Nach Errichtung der Reisepredigerstelle München wurde im Herbst 1849 im Kapitelsaal des Schlosses der erste evangelische Got­tesdienst gefeiert, an dem auch die bayerische Königin Therese teilnahm. Sie war evangelisch und ihr ist es zu verdanken, dass der schönste Saal des Schlosses den Protestanten 50 Jahre lang unentgeltlich zur Verfügung stand.

1874 kam Berchtesgaden zur neu gegründeten Filial-Kirchenge­meinde der evangelischen Pfarrei München in Bad Reichenhall. Es dauerte jedoch noch bis 1878, ehe Vikar Theodor Hacker als erster Geistlicher seinen Dienst in Bad Reichenhall antreten konnte. 1887 wurde Reichenhall selbständige Pfarrei, der auch Berchtesgaden nach wie vor angehörte.

1891 gründete sich in Berchtesgaden der evangelische Kirchen-bauverein, dem Prof. Carl Linde vorstand. Bereits 1899 konnte die evangelische Christuskirche in Berchtesgaden eingeweiht werden. Architekt war Prof. August Thiersch aus München.

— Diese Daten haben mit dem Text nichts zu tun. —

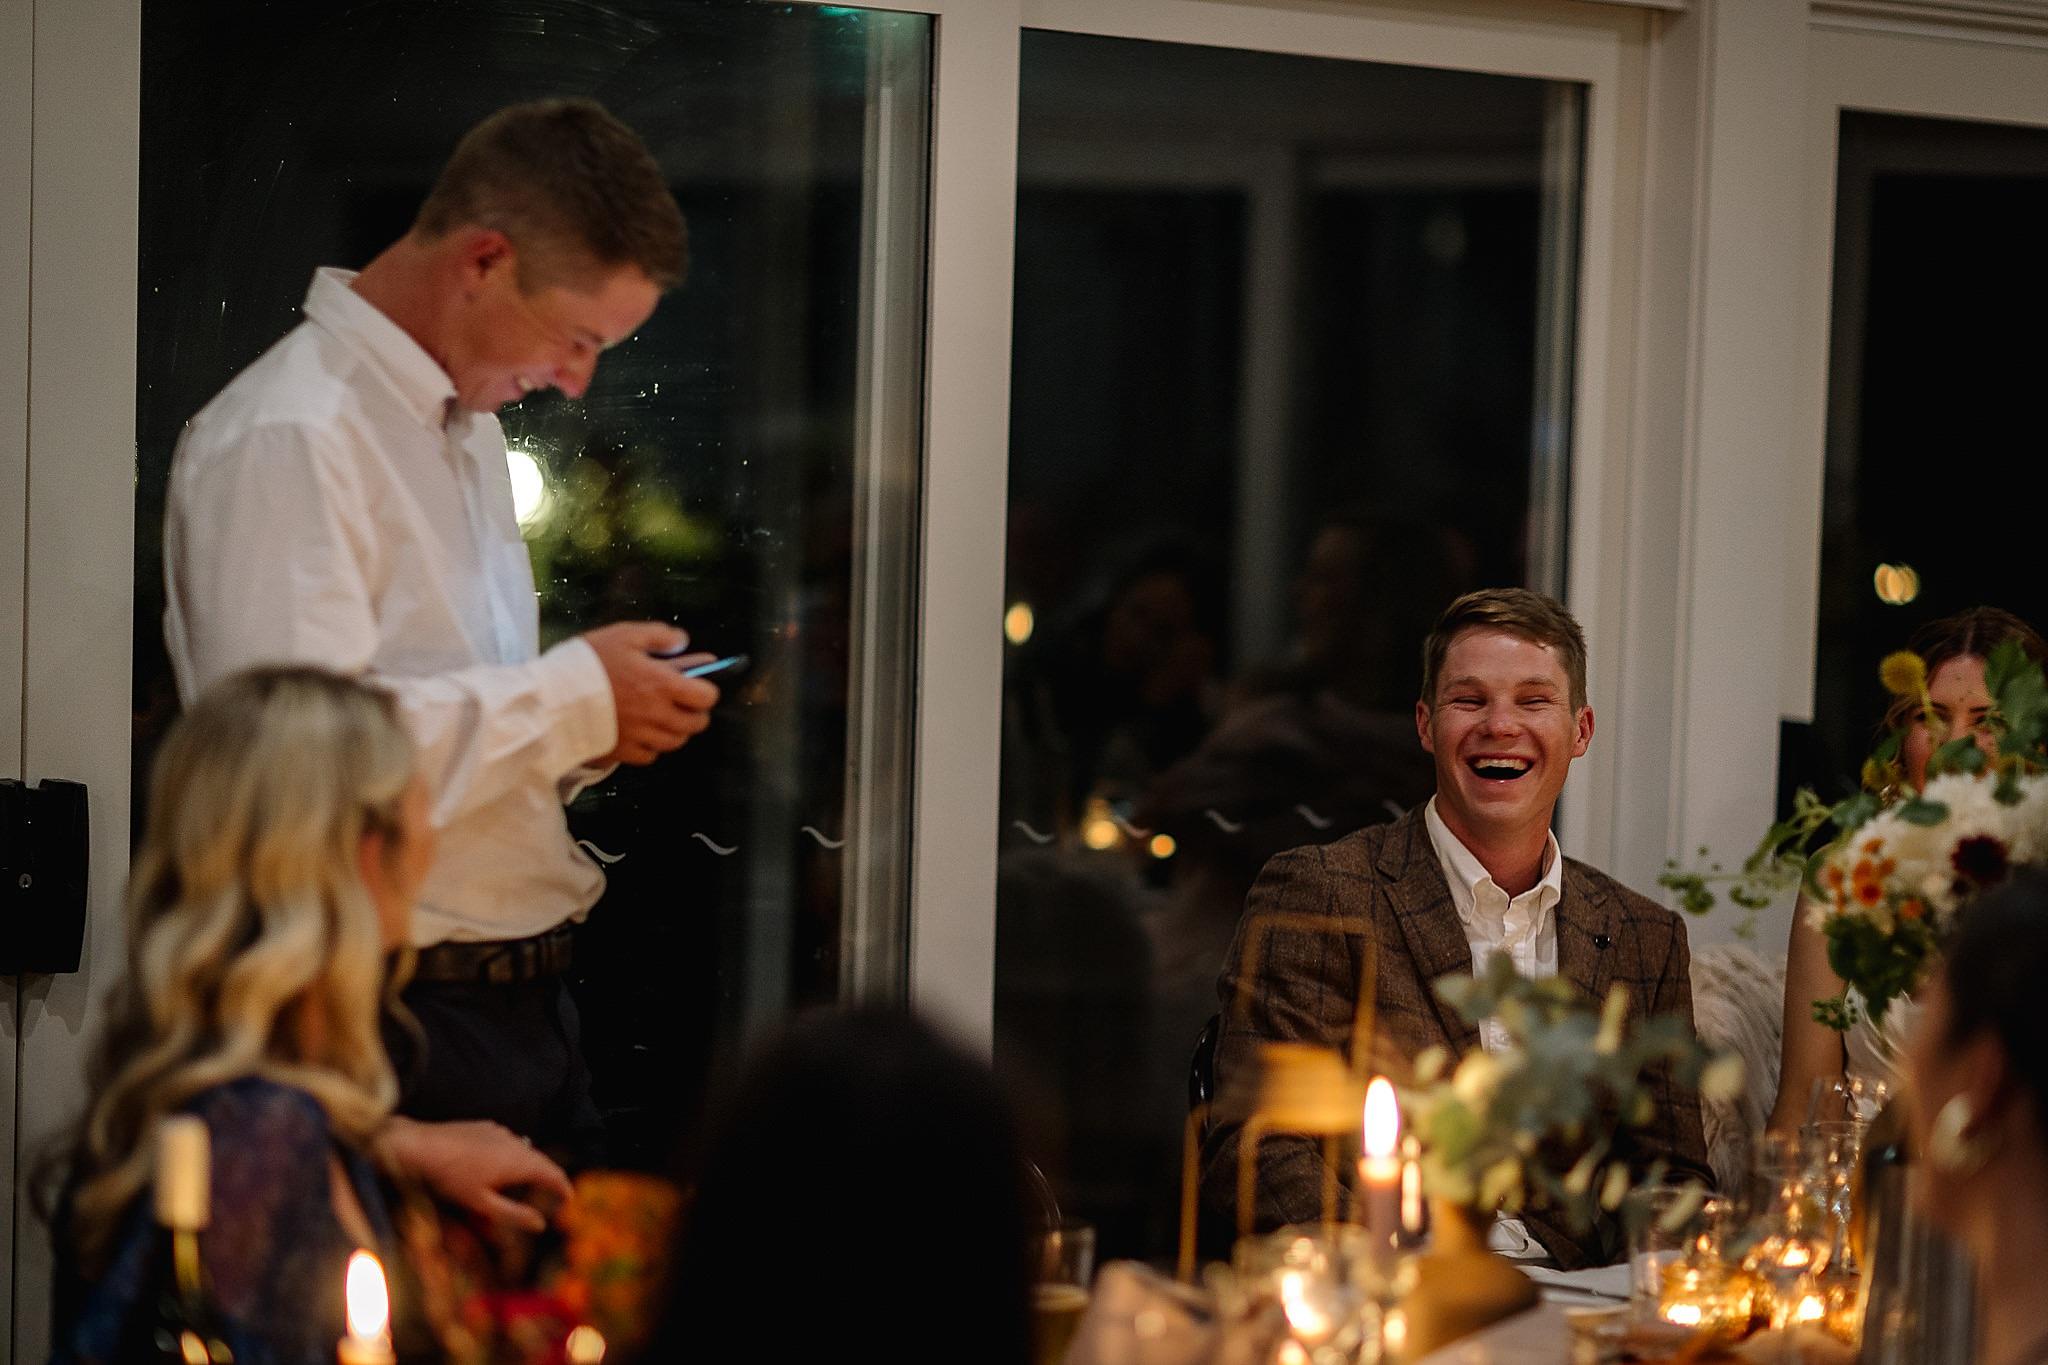 Keepsakephoto by the Keeffes,ACT wedding photographer,ACT weddings,canberra wedding,canberra weddings,Poachers pantry,Poachers Pantry wedding,Wedding Inspiration,Canberra Winter Wedding,autumn wedding,Southern Highlands Wedding,country wedding,

Nach dem 1. Weltkrieg ließen sich etliche adelige Familien und entlas­sene Offiziere in Berchtesgaden nieder, so dass die örtliche Gemeinde kräftig anwuchs. Auf Antrag des Kirchen-bauvereins genehmigte der Landeskir­chenrat 1921 die Errichtung einer selbständigen Pfarrei in Berchtesgaden.

1930 konnte die direkt neben der Kirche liegende Villa Fernande erworben werden, welche seitdem der evangelischen Gemeinde als Pfarrhaus dient.